Lambiase's departure a big blow
It would be easy to simply dismiss Lambiase as being "just" Verstappen's race engineer -- a role he has held since Verstappen's victorious debut for the team at the 2016 Spanish Grand Prix. However, the reality is that he has been one of the most important parts of the team for a long while. Lambiase's influence behind the scenes is significant.
He was made head of race engineering in 2022 and then Head of Racing at Red Bull in 2024, roles he dovetailed with the role of race engineer for Verstappen. In hindsight, doubling up with his current job now seems like a major oversight by Red Bull -- sources have told ESPN the team seriously considered giving Verstappen a different race engineer in 2025 to alleviate some of the pressure on Lambiase, which both parties were open to as well. That change did not happen. It was a massive undertaking on top of Lambiase's other responsibilities within the race team.
You only need to listen to their radio interactions to understand the strength of Verstappen's relationship with Lambiase. It is frank and sometimes brutally honest, but has underpinned one of the most successful careers Formula 1 has ever seen. Through good times and bad during his Red Bull tenure, Lambiase has always been by Verstappen's side. As a result, their relationship is close -- Verstappen once told Dutch media he knew he could call Lambiase 24/7, about anything in the world, something that he said went both ways. The pair shared an emotional moment after Verstappen missed out on the 2025 championship by just two points. The fact that he is now leaving will only add to any feelings of doubt Verstappen has about the current direction Red Bull is moving in.

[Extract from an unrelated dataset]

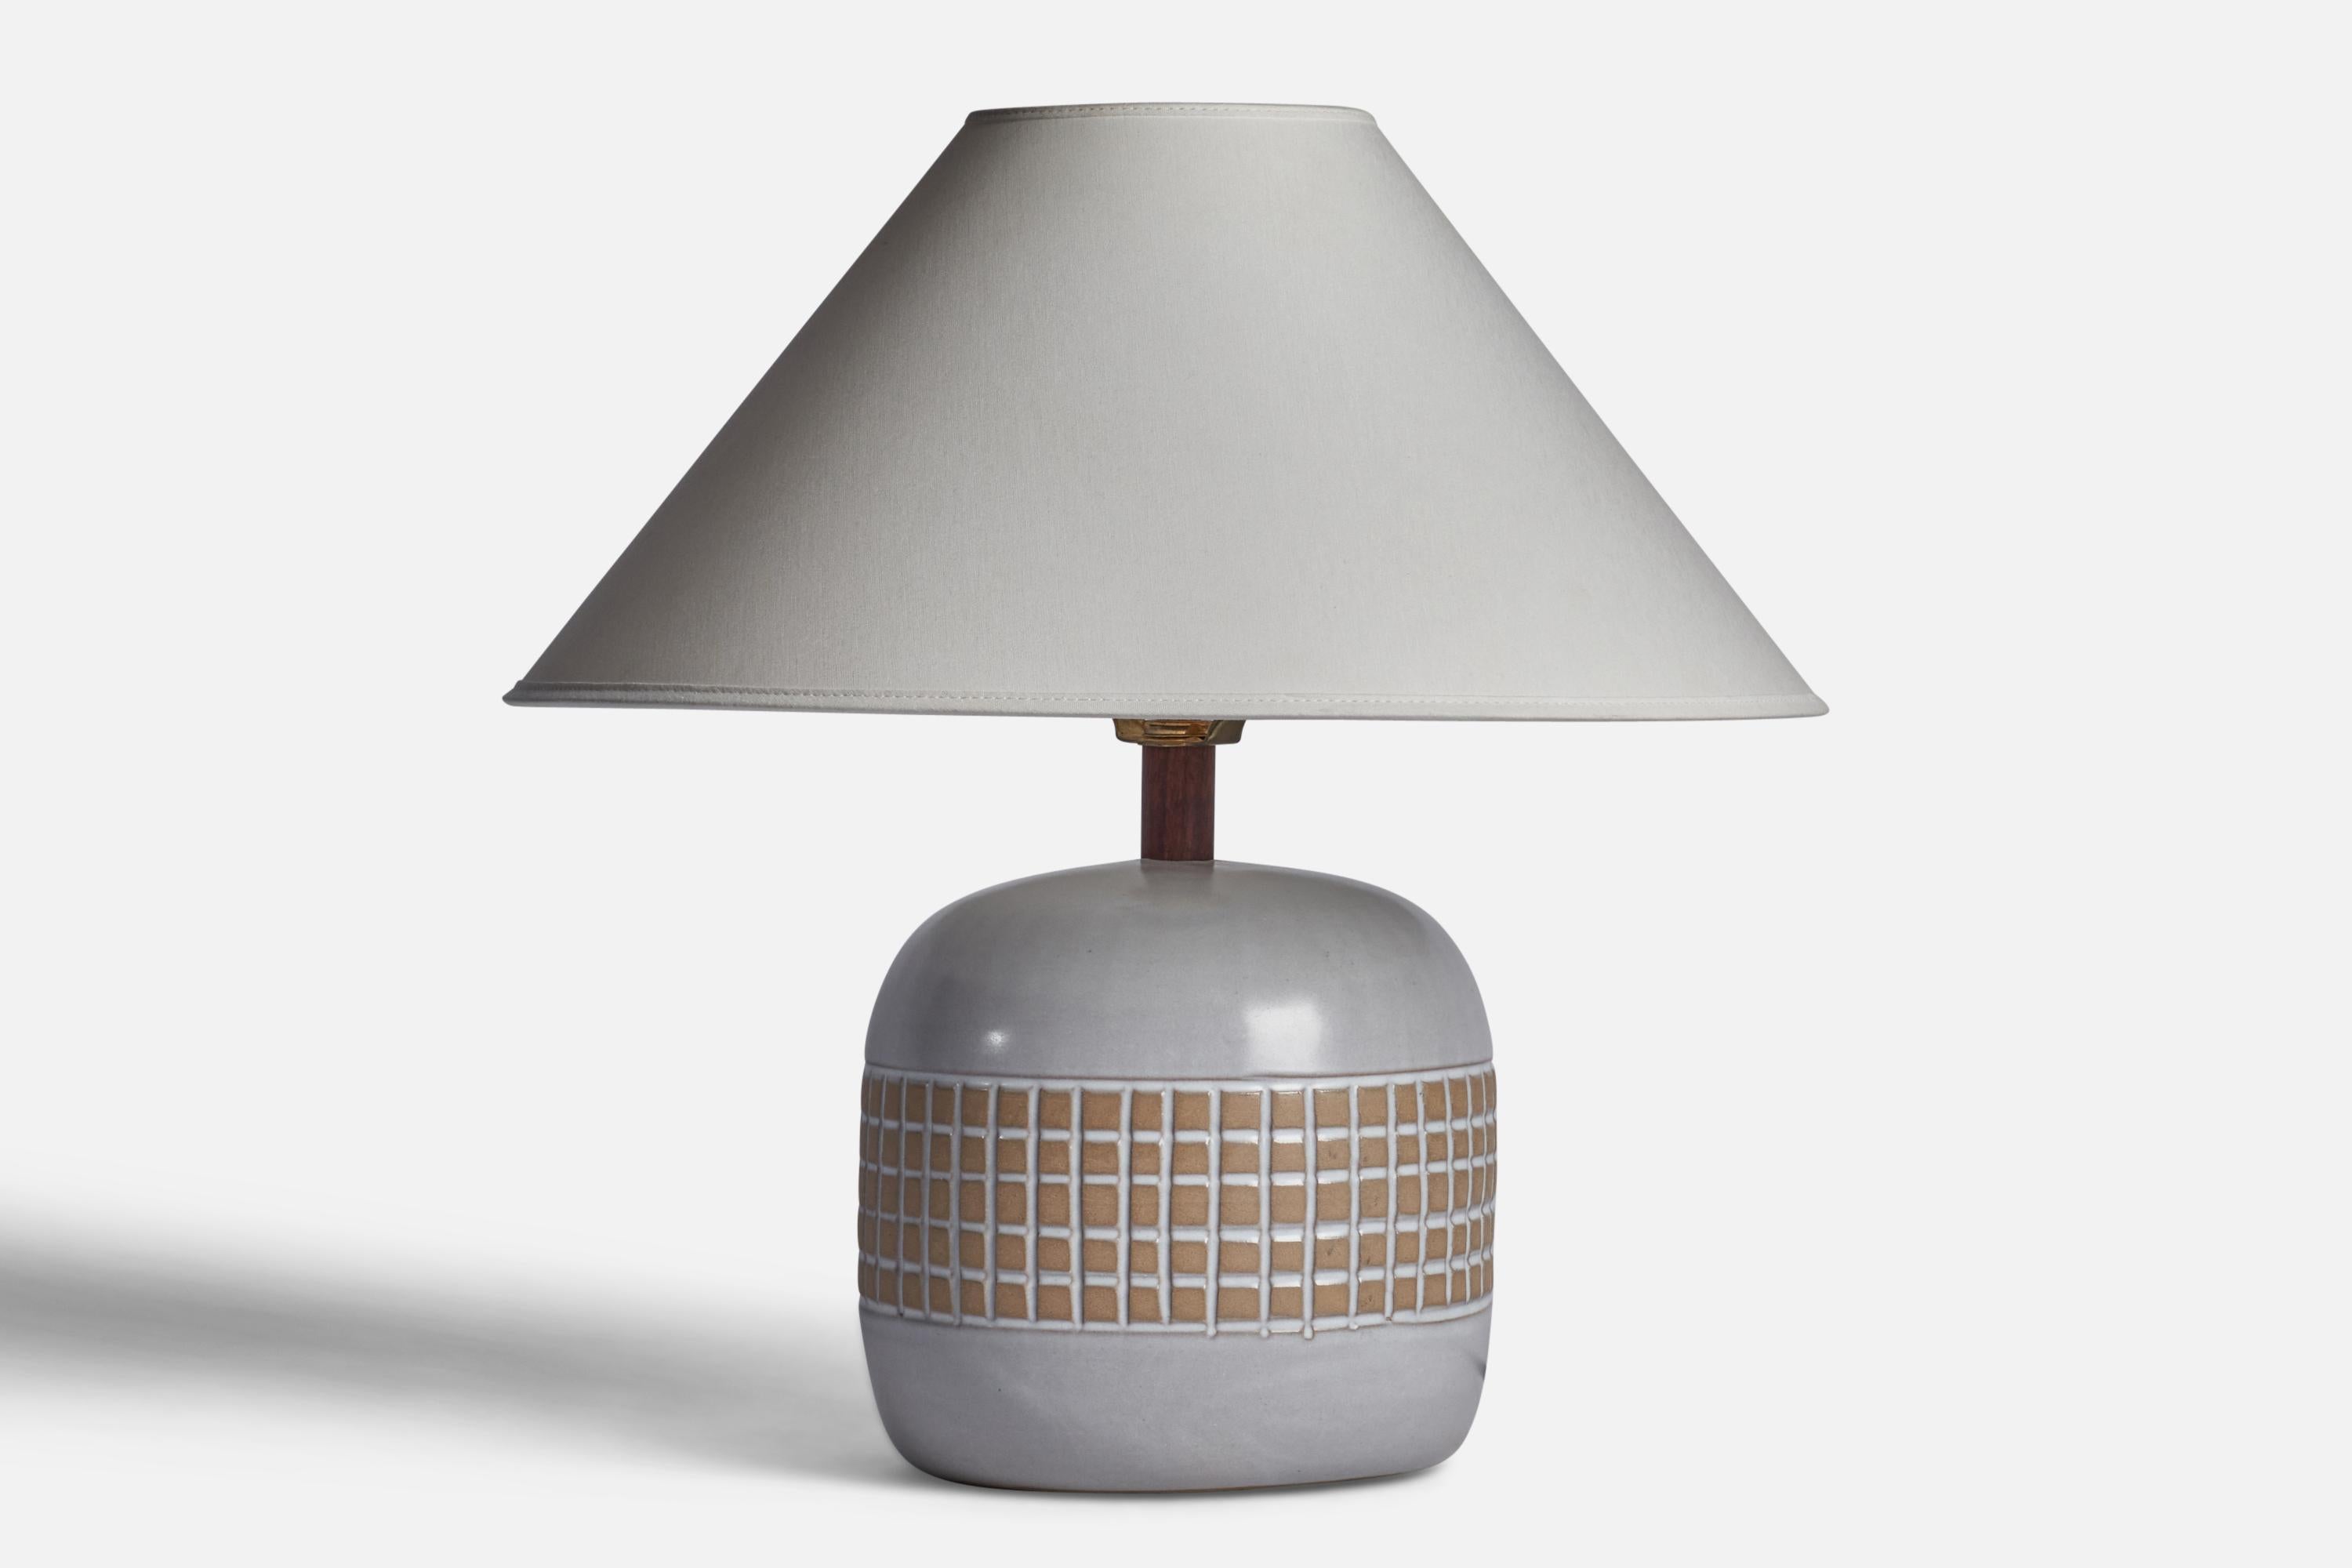 Lampe de table en céramique émaillée gris et beige et lampe en noyer conçues par Jane & Gordon Martz et produites par Marshall Studios, États-Unis, années 1960.

Dimensions de la lampe (pouces) : 12.25

Lambiase's next move is also noteworthy. It is always telling when someone leaves one team for another in a sideways trajectory, and this appears to be what Lambiase has done by moving over to Brown's McLaren team. Sources told ESPN that Lambiase had been approached by Aston Martin at least once in the last 12 months over becoming team principal, but those approaches were rebuffed. Yet he has taken a role with McLaren, which is similar -- in terms of where his name will sit in an org chart relevant to the most senior figures in the team -- to his current position at Red Bull.
Multiple sources have told ESPN that the atmosphere within the current Red Bull team has been poor -- a feeling only exacerbated by the team's slow and frustrating start to the new F1 rules cycle. Seeing a senior team member -- and perhaps the closest ally of its superstar driver -- happy to walk sideways to another team will only underline the suggestions that something is fundamentally wrong at the heart of Red Bull's race operation.
No one knows for sure what Verstappen's next move will be, but after speaking to multiple sources around the F1 paddock on Thursday, the general feeling -- inside and outside of Red Bull -- was clear. Lambiase's move, even if it is a little way down the line, could be the final nail in the coffin in terms of Red Bull's chances of convincing Verstappen to ride out his current bad feeling about Formula 1 and keep racing beyond 2026.
He has months until he needs to make that decision -- he can trigger release clauses in August if he is not second or higher, but does not actually need to inform the team of his decision either way until October -- but after the latest developments, the writing already appears to be firmly on the wall.